No Congresso Nacional, uma das
principais investidas do agronegócio é representada pela Comissão de
Agricultura e Reforma Agrária do Senado, que tem exigido a criação de uma
Agência Nacional de Agrotóxicos, que passaria a ser responsável pela liberação
do registro dos venenos.
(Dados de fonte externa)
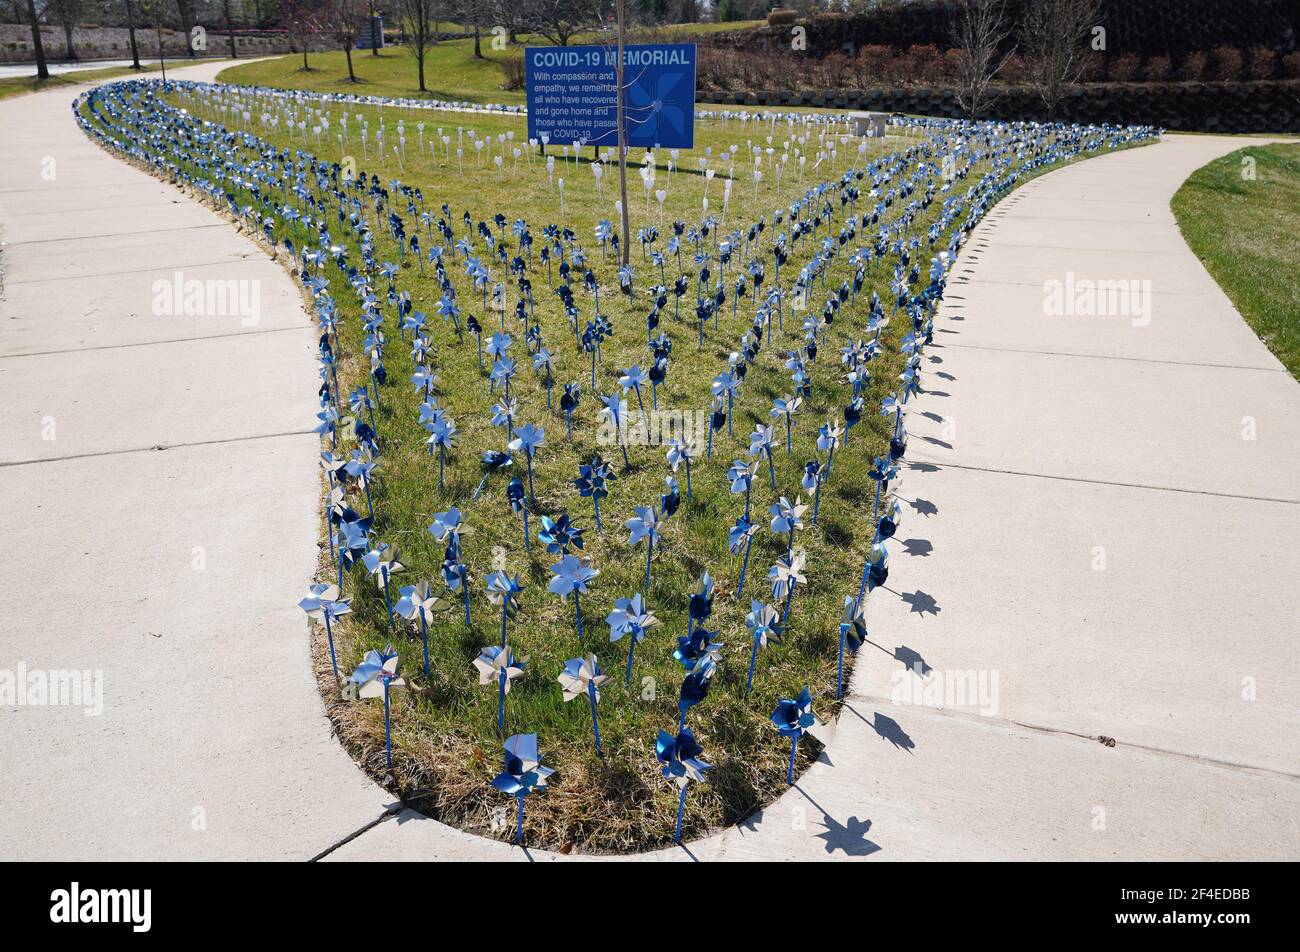 Creve Coeur, United States. 20th Mar, 2021. A memorial for those that have had the COVID-19 disease is on display at Missouri Baptist Hospital in Creve Coeur, Missouri on Saturday, March 20, 2021. The hospital received confirmation on March 19, 2020, of it's first confirmed patient with COVID-19. One year later Missouri Baptist honors the 1,550 patients who recovered from the virus with purple pinwheels, while the 270 that died from the COVID-19 virus are honored with white hearts. Photo by Bill Greenblatt/UPI Credit: UPI/Alamy Live News Stock Photo
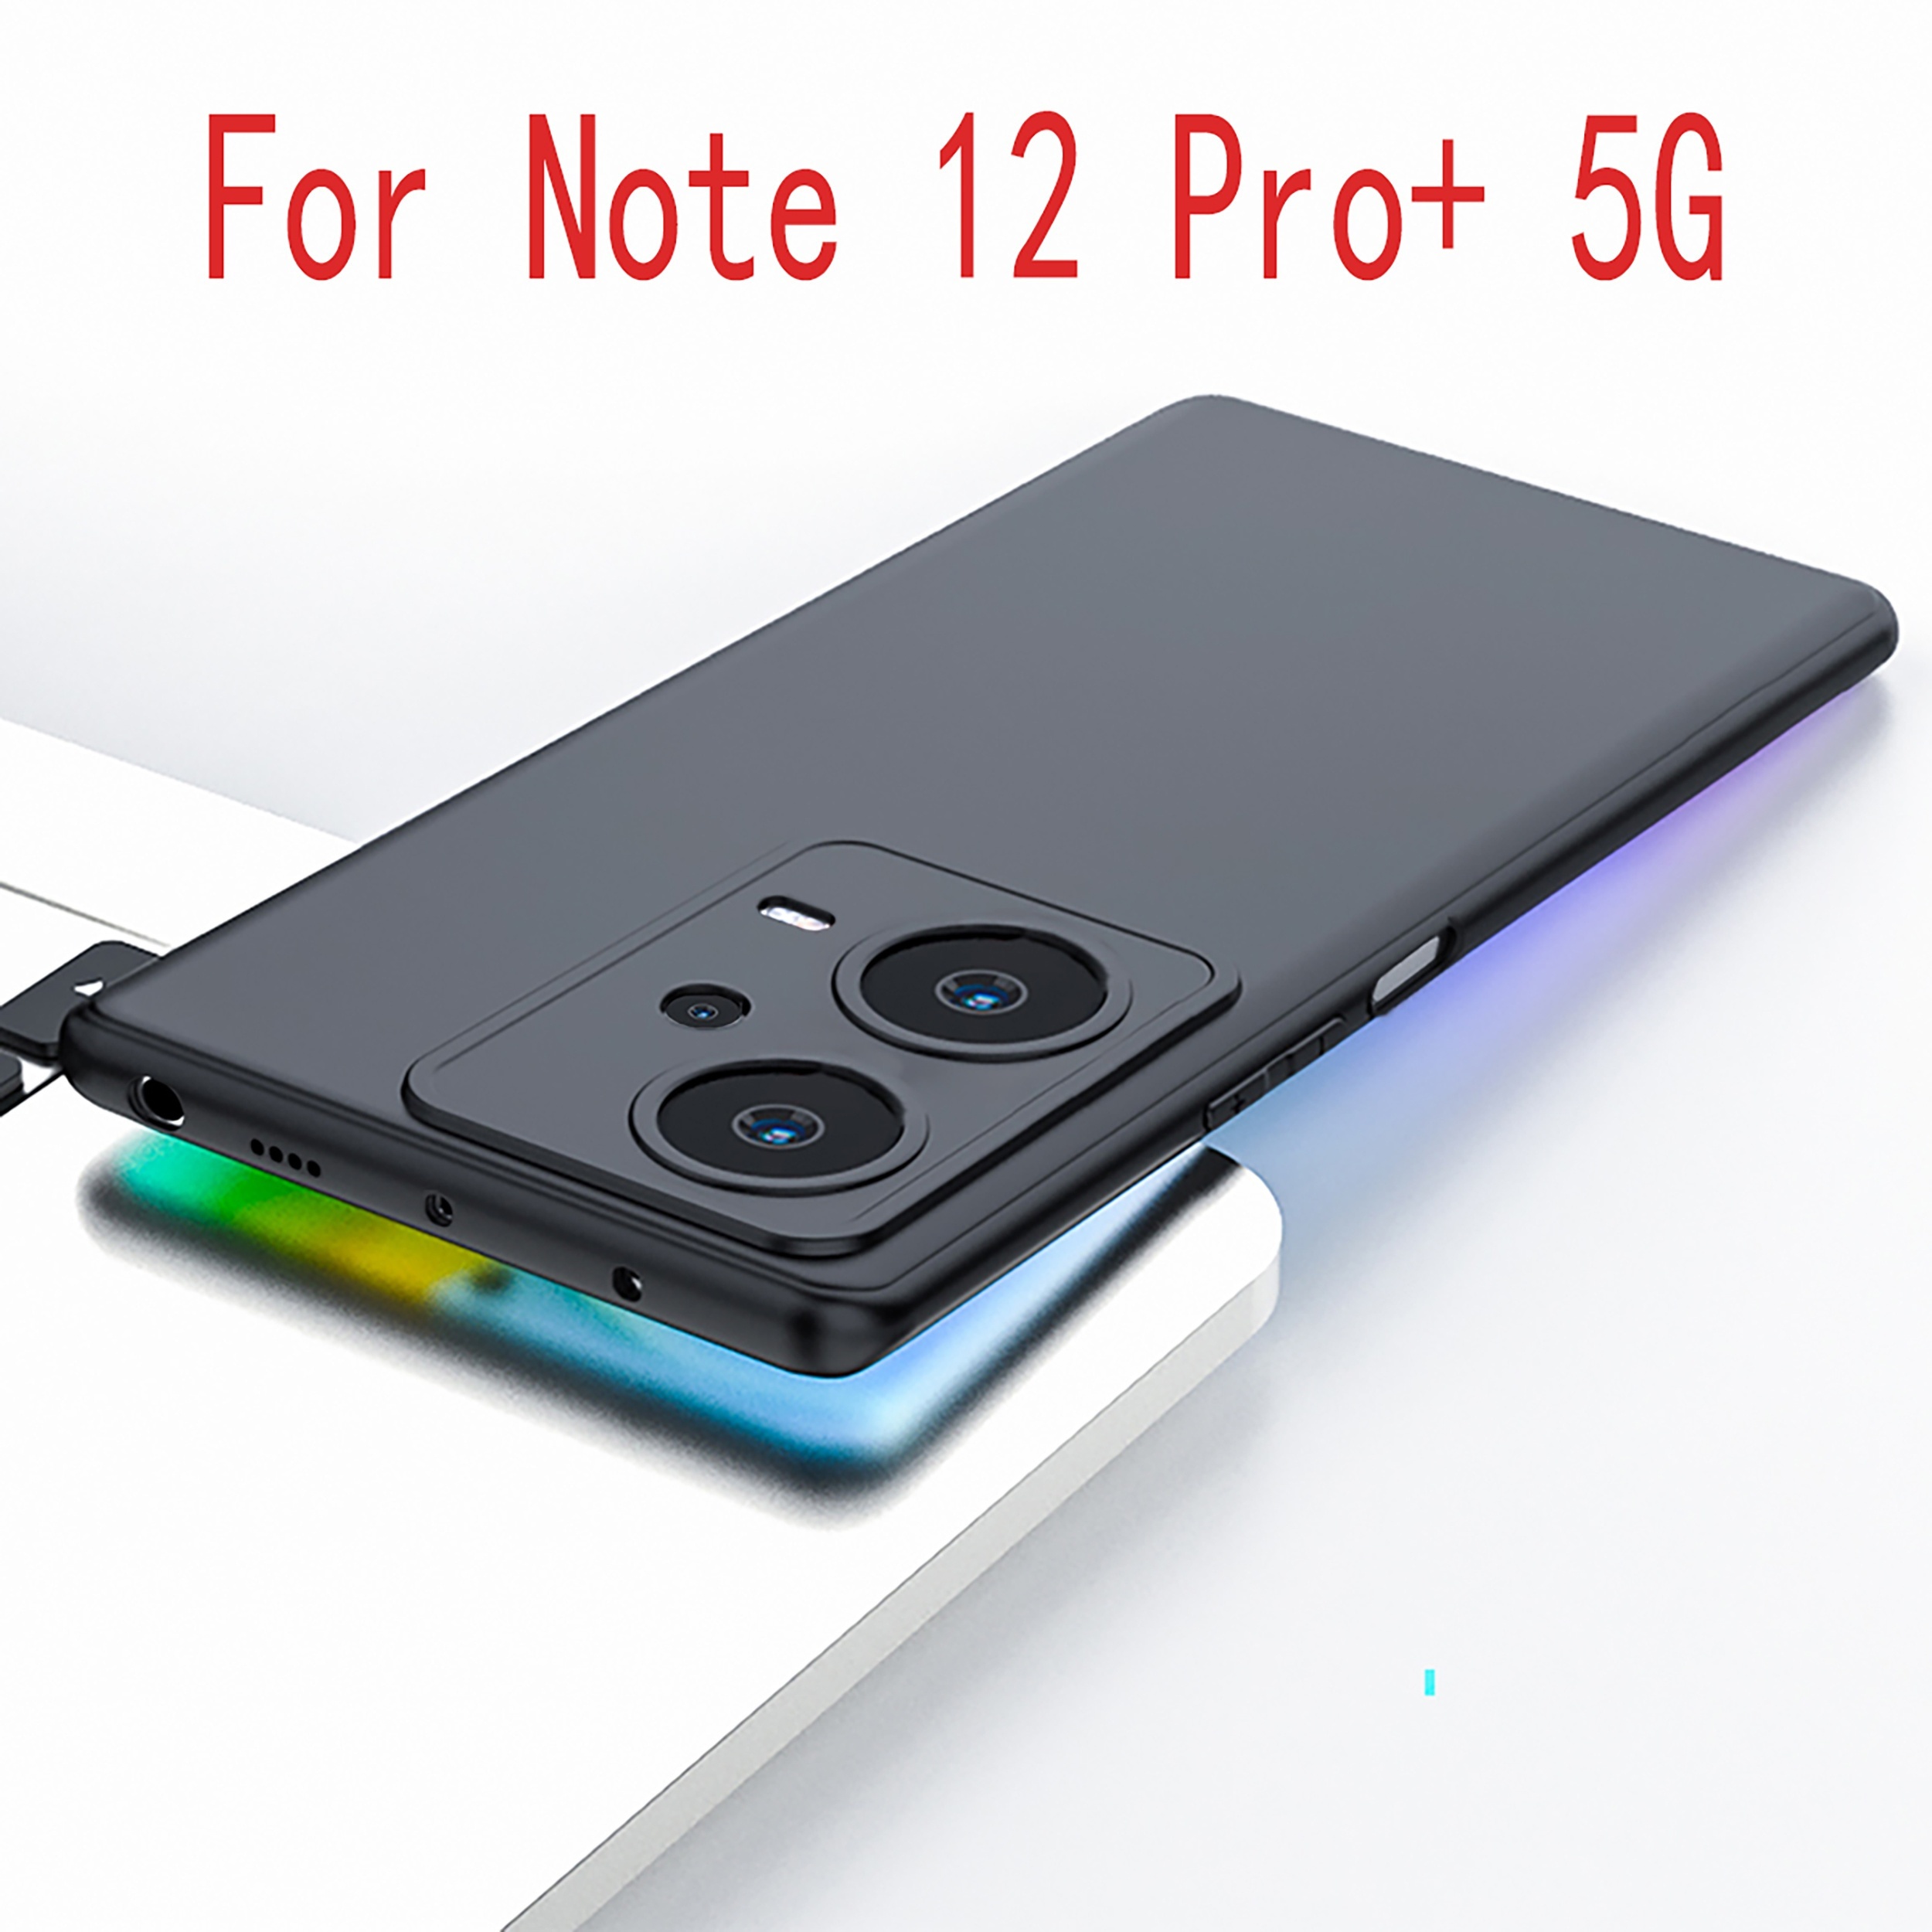 Slim Thin Black Case for Xiaomi Redmi 13C 4G, Soft Protective Cover  Protection

Hoje, essa atribuição é determinada pela Lei nº
7.802/89, que divide as responsabilidades entre Anvisa, Ibama e Ministério da
Agricultura.
Ademais, as facilidades
criadas no último período para a liberação de sementes transgênicas dependentes
do uso de agrotóxicos também demonstram a clara opção do governo pelo
agronegócio.
Apesar das contradições
existentes, uma conquista importante no processo de construção de uma nova
forma de produzir alimentos sem o uso de agrotóxicos é a construção da Politica
Nacional de Agroecologia e Produção Orgânica (Pnapo), fruto da luta das
organizações e da sociedade civil organizada que ao longo dos anos vem exigindo
e apontando alternativas frente ao modelo hegemônico de agricultura. No
entanto, é importante destacar que a Pnapo é insuficiente, pois não tem condições
de garantir um processo massivo de transição para a agroecologia e, além disso,
se torna frágil na medida em que não existe uma política nacional de
enfrentamento ao uso de agrotóxicos, uma vez que as propriedades que adotarem
uma forma de produção sem venenos estarão suscetíveis a possíveis contaminações
de agrotóxicos utilizados em outras propriedades próximas. A legislação
existente, que poderia proteger as áreas de produção orgânicas e
agroecológicas, é fraca e constantemente desrespeitada.
Nos últimos anos, embora a
sociedade tenha emitido claros sinais de que aumentou sua percepção em relação
aos problemas gerados pelos agrotóxicos, as iniciativas do governo e dos
alia-dos do agronegócio no Congresso Nacional têm andado na contramão. Os
próximos anos serão de muita luta nesse campo; há, por exemplo, vários projetos
de lei tramitando, e pouquíssimos deles objetivam diminuir ou controlar o uso
abusivo de agrotóxicos. Pelo contrário, a maioria propõe a flexibilização da lei de
agrotóxicos.
Em 2013, esperamos que a
sociedade possa se organizar cada vez mais para enfrentar as disputas que virão
em relação a este tema; afinal, não podemos deixar que o país se torne uma lixeira tóxica mundial.
[Cléber Folgado é dirigente do MPA/Via Campesina e
Coordenador da Campanha Permanente Contra os Agrotóxicos e Pela Vida].